The effect of time on the epigenetic difference of imprinted CpGs in the intra-individual comparison was also investigated (Table 4). The |ΔM-values| from semen samples from patients who donated semen samples greater than and less than 75 days apart were similar for both all and only imprinted CpGs. However, when looking at the ΔM-values, which take into consideration the effect of time between samplings, subtle differences in the overall ΔM-values in each of the genomic regions are observed. For example, samples collected less than 75 days apart generally possessed greater sperm DNA methylation in the first sample compared to the second, especially within the CpG islands, 5′UTR, gene body and 3′UTR. Samples collected greater than 75 days apart were also generally more methylated in the first sample, and the regions with the largest difference between all and only imprinted CpGs were the TSS1500, 1st exon and 3′UTR.
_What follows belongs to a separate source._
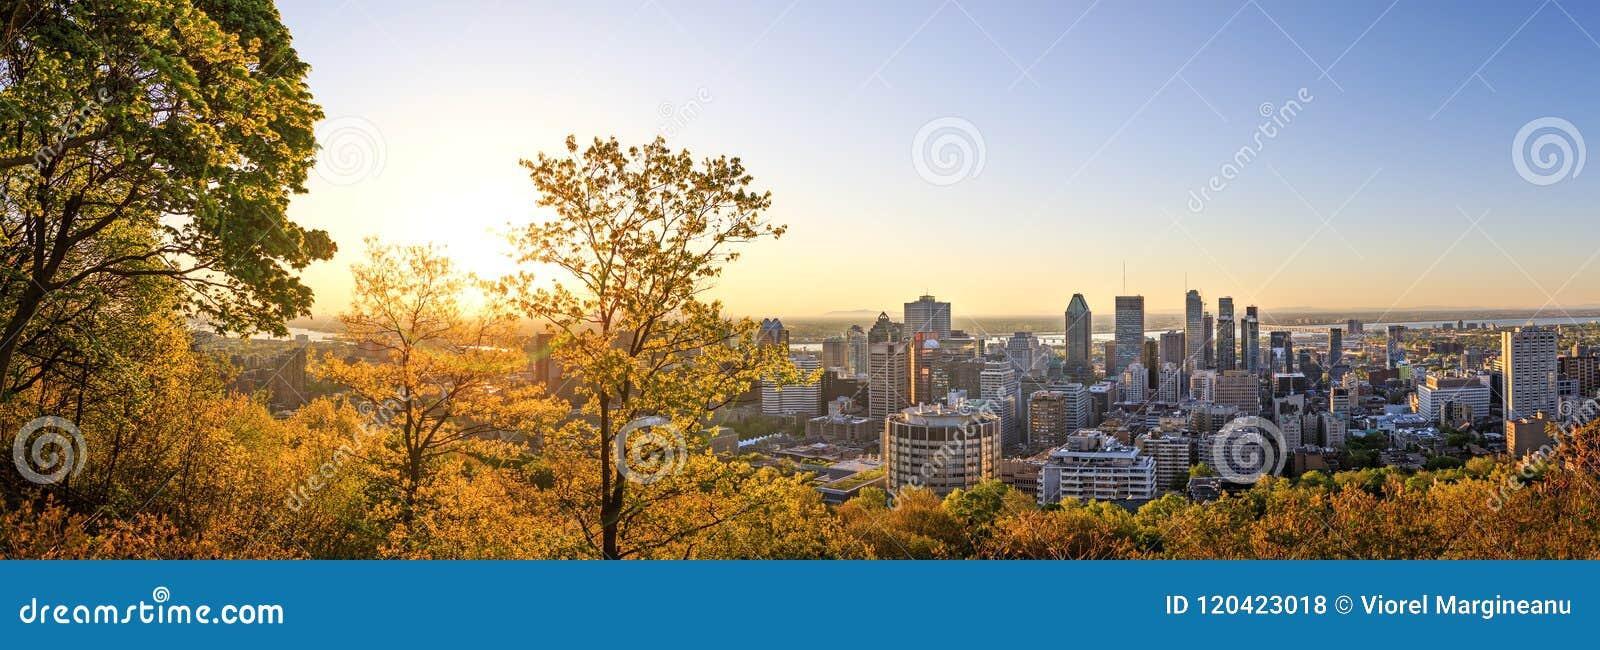 """€ de Montreal, Canadá """"21 de mayo de 2018 Salida del sol de oro hermosa encima"""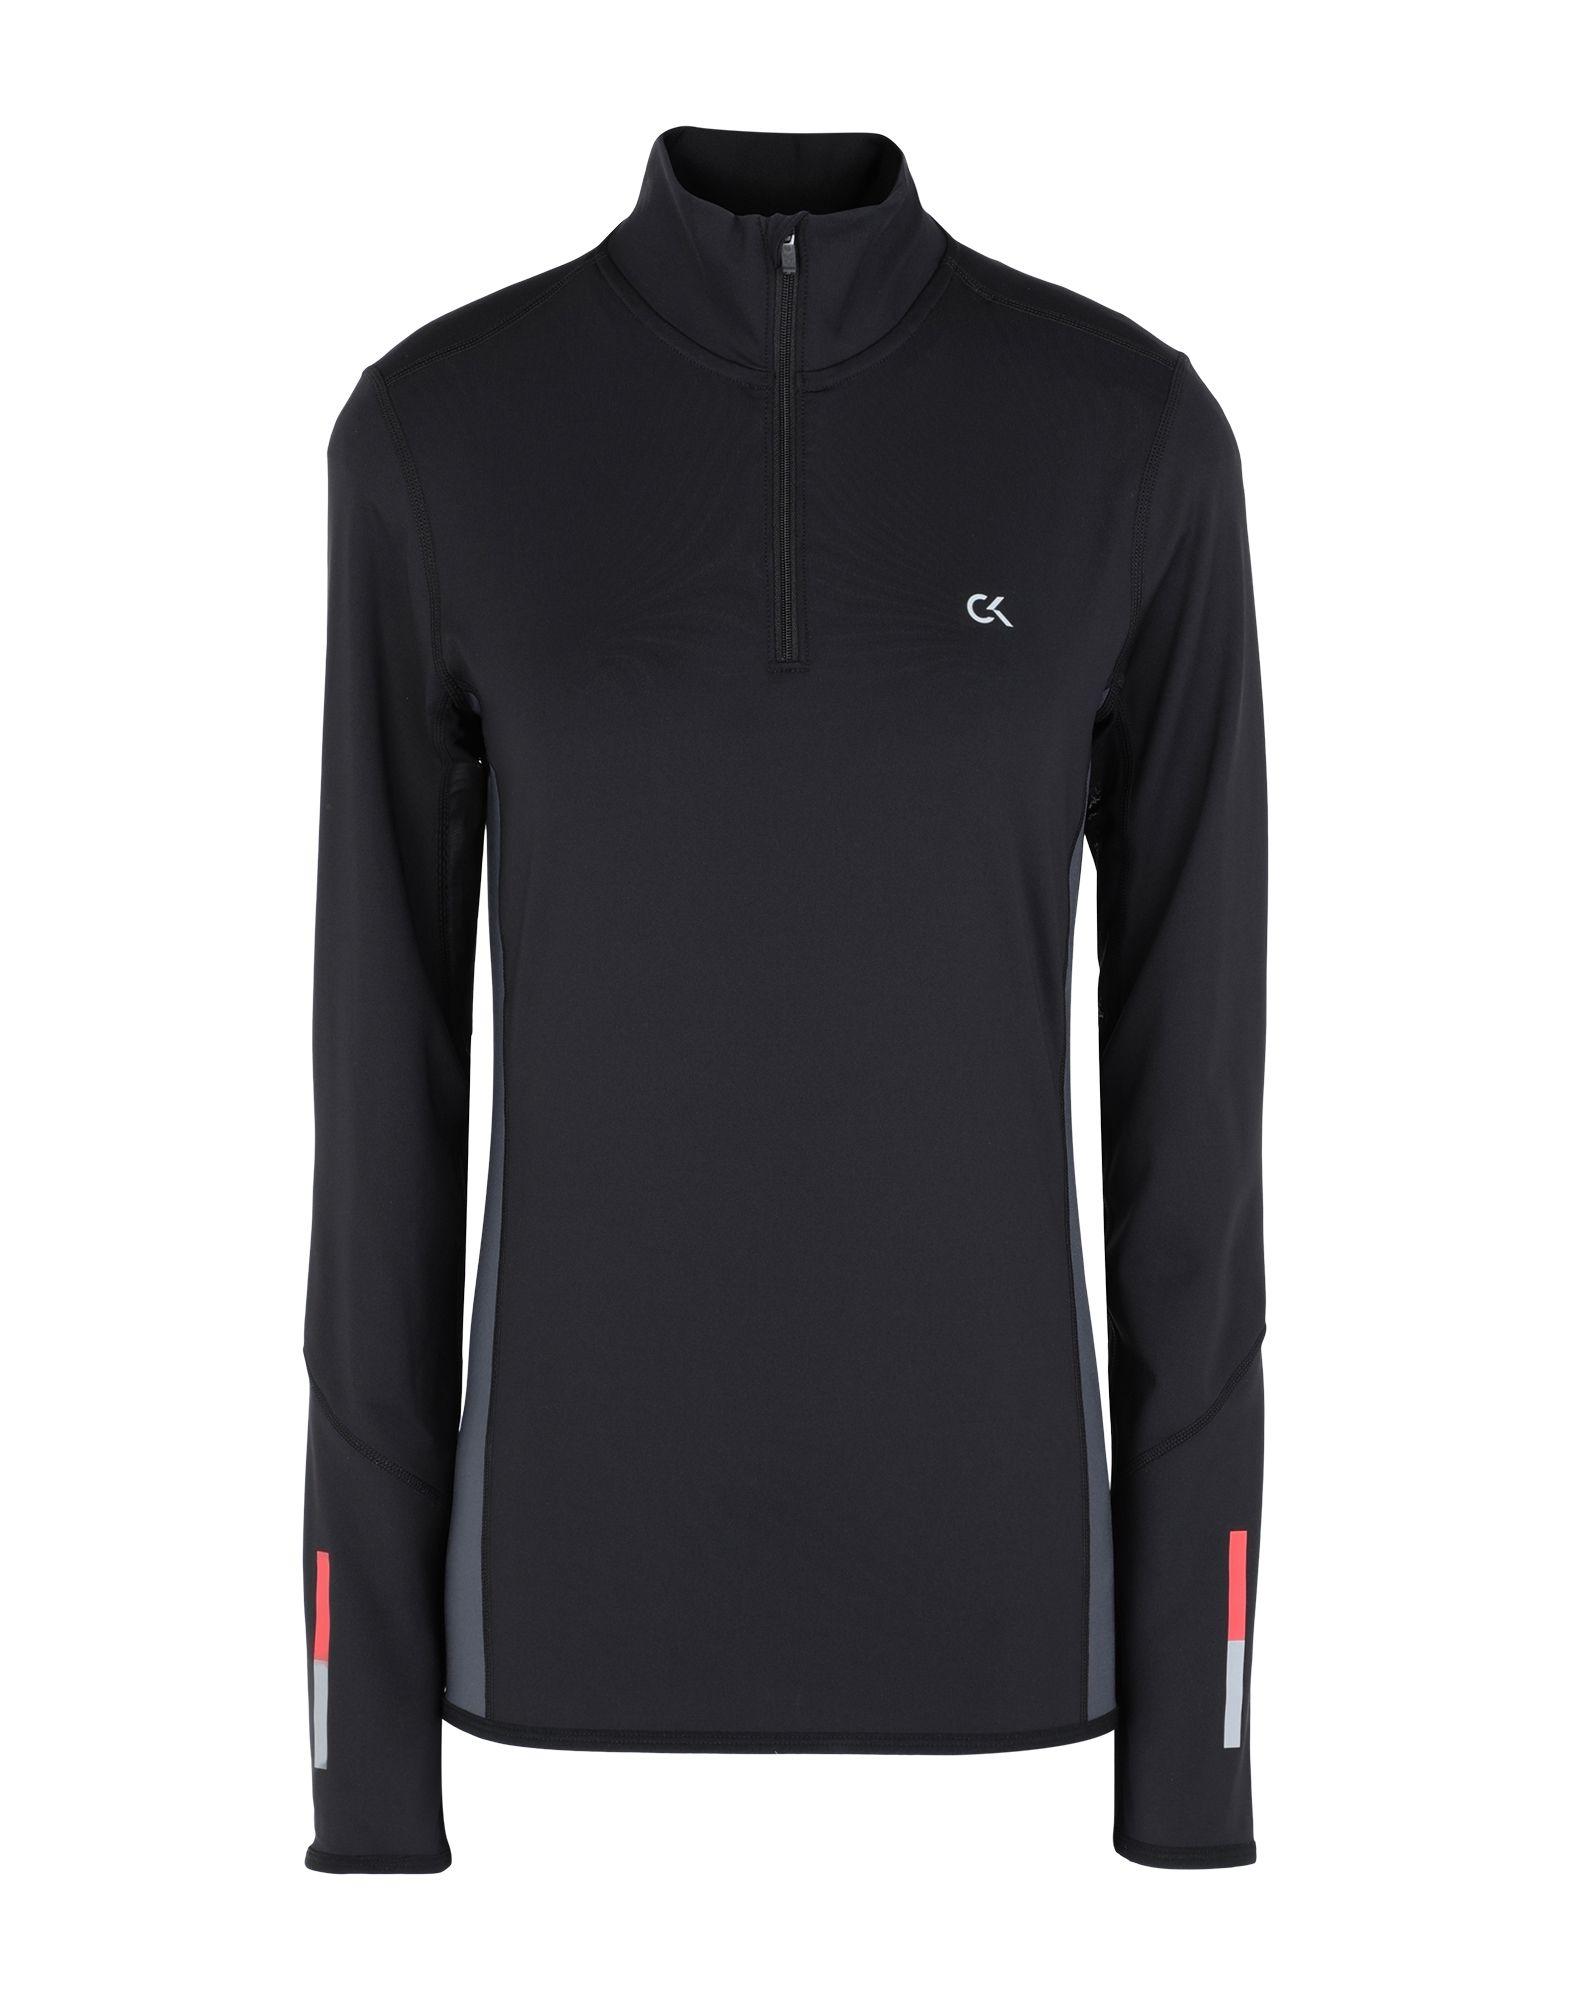 《セール開催中》CALVIN KLEIN PERFORMANCE レディース T シャツ ブラック XS ポリエステル 79% / ポリウレタン 21% GALAXY BEST

Comparison of Intra- and Inter-Individual Sperm DNA Methylation Differences
In addition to examining the intra-patient epigenetic differences, the difference in sperm DNA methylation between individuals was also investigated for all possible inter-patient semen samples (n = 264). Unlike the intra-patient comparison of DNA methylation differences where the time between sample collections provides biological insight, the inter-patient comparison analysis focused on the absolute epigenetic difference (|ΔM-values|; Table 3). Similar to the intra-patient comparison of |ΔM-values|, the values were approximately equal among the different genomic regions implying that alterations in sperm DNA methylation are not location dependent. Furthermore the |ΔM-values| from both the intra- and inter-patient comparisons were nearly equal demonstrating that the epigenetic differences are consistent between individuals. Correlation analysis of the |ΔM-values| was strongly correlated both within and between patients across the different genomic regions (r > 0.97), where the intra-patient correlation values were greater than their inter-patient counterpart by an average of 0.0053 (Figure 2 and Supplementary Table 1). Although the differences were small, they were statistically significant across each of the defined genomic regions (p < 0.05; Supplementary Table 1). The difference in the intra- and inter-patient |ΔM-values| is also visualized through their respective kernel density distribution (Figure 3) and Euclidean distance profiles (Supplementary Figure 3). The intra-individual profile peaks were sharper and narrower than the corresponding inter-individual peaks, illustrating the inter-patient DNA methylation variability due to the underlying genetic and/or environmental differences between individuals.
Figure 3.
Intra- and inter-patient distribution of pairwise sperm epigenetic differences (|ΔM-values|) across genomic regions. Normalized and logit-transformed methylation (M) values were used to plot the genome-wide density distribution of the intra- (green) and inter-patient (gray) |ΔM-values|. Intra-patient epigenetic differences were calculated using the 2 collected samples from the same individuals (n=12), while the inter-patient comparison measured the difference between all samples and all patients (n=264).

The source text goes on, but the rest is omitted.